The improvement for lung nodule classification when using data balancing reported by Sui et al. [38], was larger with respect to the results obtained in this study. Detailed comparison is however difficult, as differences could be due to the different dataset, the limited amount of scans used in latter study (120 scans) and the low-dimensional feature space.

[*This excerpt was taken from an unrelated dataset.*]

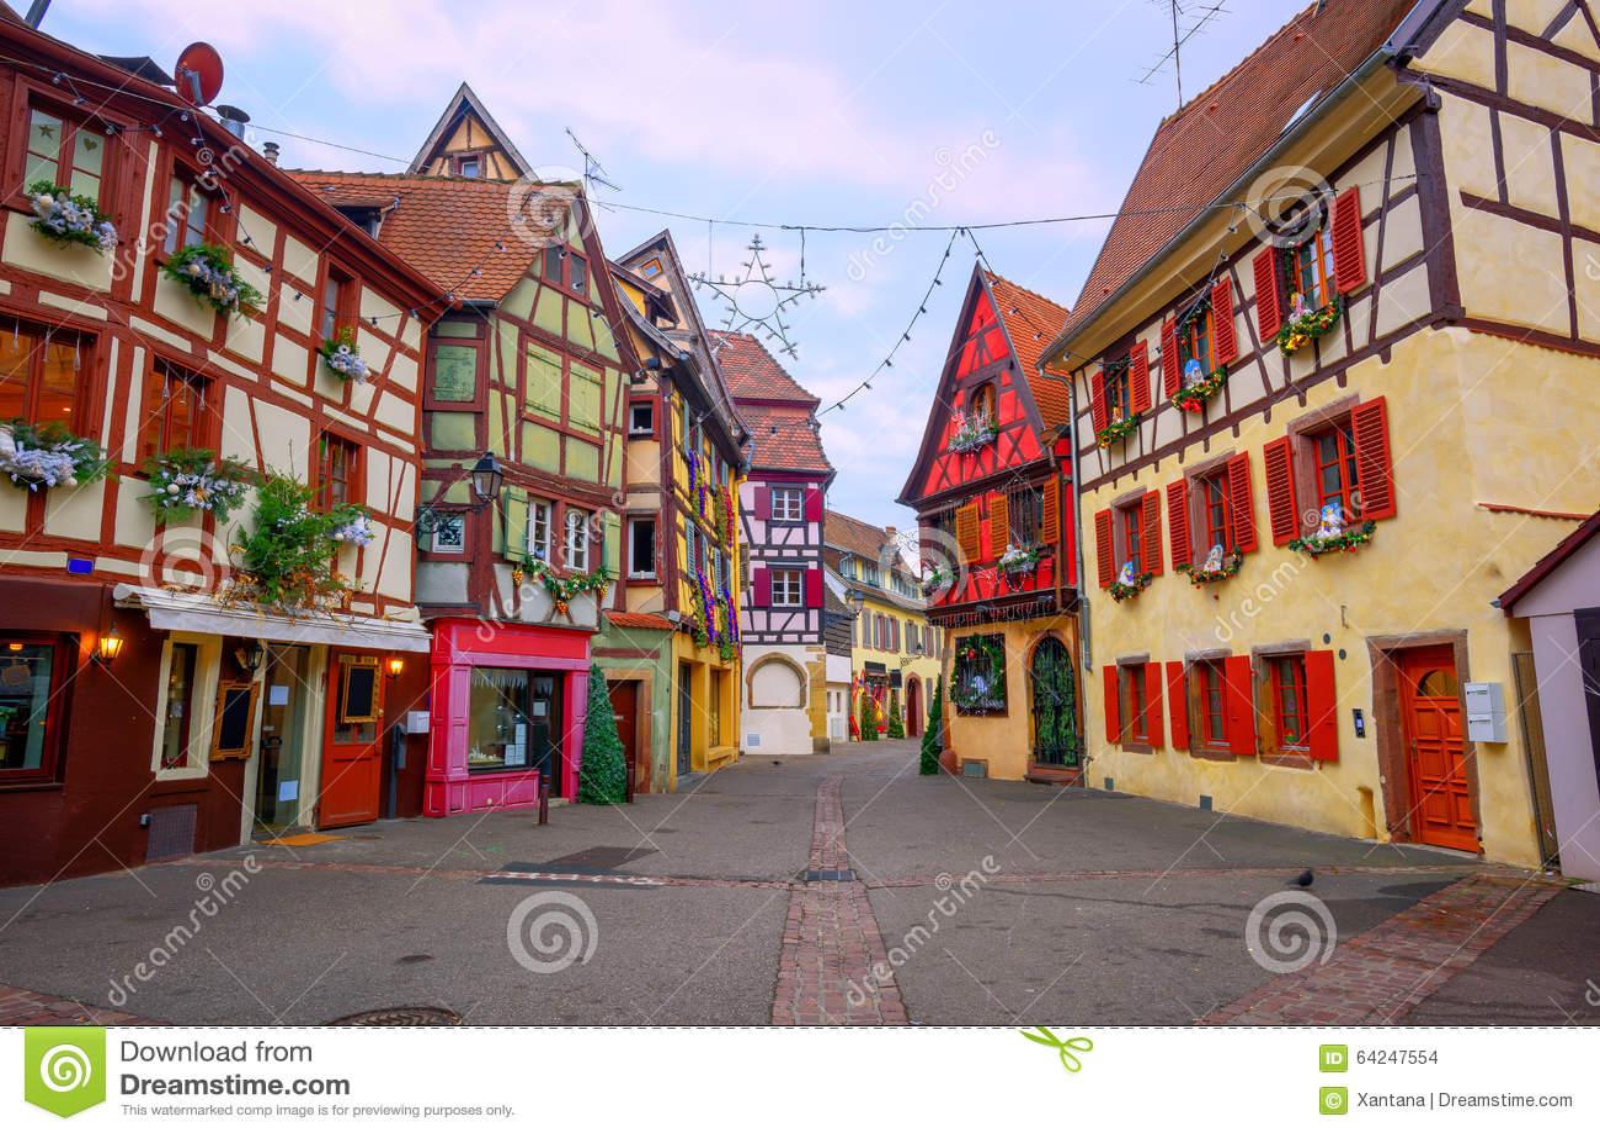 Maisons A Colombage Traditionnelles A Colmar Alsace France Photo

The impact of proper data balancing can be seen when considering the results of the LUNA16 Challenge (https://luna16.grand-challenge.org/results/). In December of 2017, the ETROCAD system using SOM, ranked 15thout of 18 participants in track 1 of the competition (competition metric: 0.672). The same system, i.e. using the same candidate detector, feature extraction and classification; but using SMOTE or SMOTE-TL as a data balancing method instead of SOM, would achieve a 13th place (competition metric: 0.759) and become the highest ranking system based on handcrafted features (all the systems with higher scores use deep-learning techniques). One should consider the improvement was obtained without adding any additional data or priors to the classification problem.
5.-CONCLUSIONS
In this work, the influence of data balancing techniques on a lung CAD system was evaluated using a web-based framework. Data balancing techniques can be useful to improve the efficiency or boost the performance of classification. The use of data augmentation is always advisable since, although changes in the sensitivity may seem marginal for a big training set, an improvement in the quality of the detection in absolute values can be seen. These methods can have a significant impact on the training process of the SVM, making the generation of classification rules easier. For the application of lung nodule classification, SMOTE and SMOTE-TL were found to perform best, leading to a gain in sensitivity, in particular at lower FP rates. Although, balancing the data can improve the performance of the classification, this is only one factor to take into account in machine learning.